Amron terkenang dengan masa kecilnya dulu bebas bermain-main. Tidak takut ditabrak mobil ketika menyeberang jalan. Dia juga bebas melempar burung dengan ketapel, tanpa takut kena rumah atau kepala orang. Dia juga bebas mandi di kali, tanpa takut kena penyakit gatal karena airnya belum tercemar limbah dan sampah.
Pernah suatu waktu Amron mengutarakan sebuah keinginan kepada istrinya yang bernama Juwita. "Kita jual saja rumah kita ini ya, Dek."

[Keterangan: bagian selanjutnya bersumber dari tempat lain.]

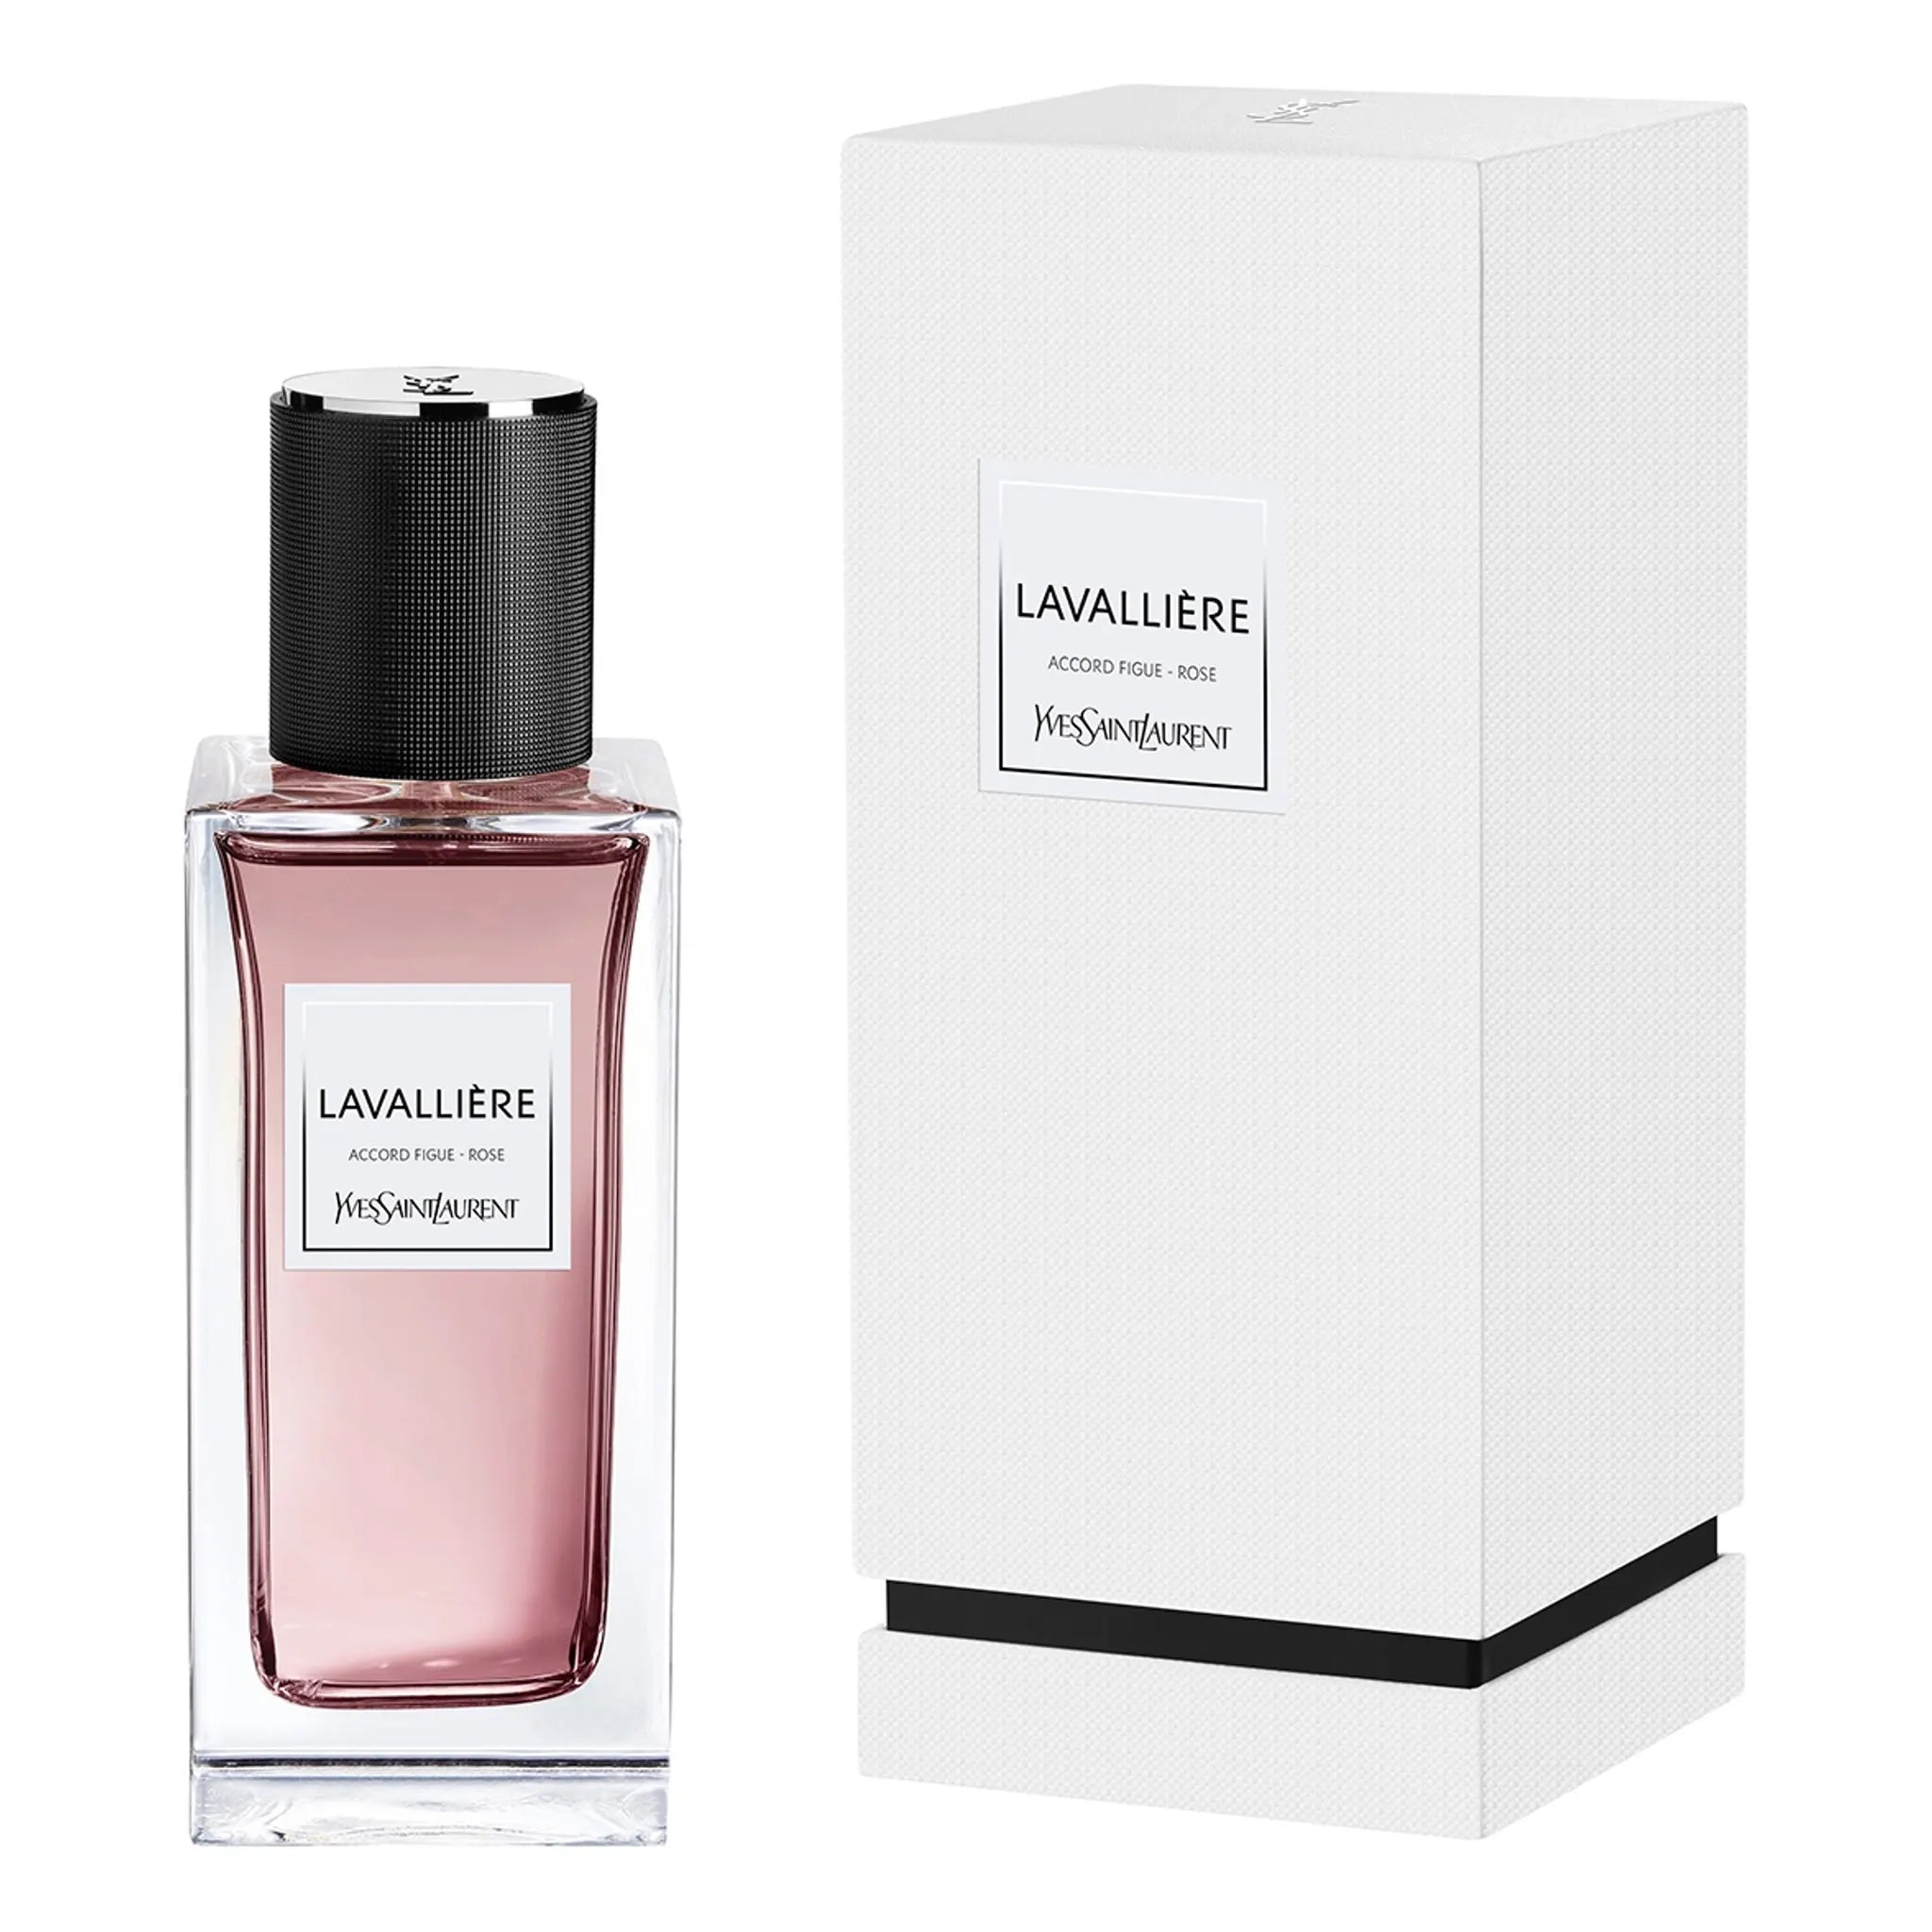 Detail box view of Yves Saint Laurent Lavalliere Eau De Parfum 125ml 3878443

"Emangnya kenapa, Abang?" Juwita balik bertanya.
"Telingaku terasa pecah kalau setiap hari dijejal dengan suara motor dan hiruk pikuk jalanan di depan rumah kita!"
"Abang harus membiasakan diri dengan suara-suara itu. Anggap saja itu musik penghibur saat Abang lagi duduk di beranda," saran Juwita.
"Enak saja kamu ngomong. Bagaimana jika Abang stress atau kena darah tinggi kemudian strok, hah!" balas Amaron.
"Abang saja yang begitu. Buktinya aku tidak apa-apa. Aku biasa saja dengan suara-suara itu. Malah aku senang, karena rumah kita jadi ramai!" sanggah Juwita.
Amron tidak membalas lagi perkataan istrinya. Dia pikir wajar jika istrinya tidak terpengaruh dengan suara-suara kendaraan itu. Istrinya masih muda darinya. Waktu Amron menikahi Juwita, umur Juwita baru sembilan belas tahun, sedang Amron sudah berumur tiga puluh lima tahun.
Juwita sendiri merasa senang menikah dengan Amron yang seorang pegawai negeri. Juwita memang bercita-cita punya seorang suami pegawai negeri.
"Terus, kalau rumah ini dijual, kita pindah ke mana, Abang? Emangnya Abang punya duit untuk beli atau membangun rumah baru?" tanya Juwita sambil menatap Amron.
"Kita bisa bikin rumah dari hasil penjualan ruamah ini, Dek!" balas Amron.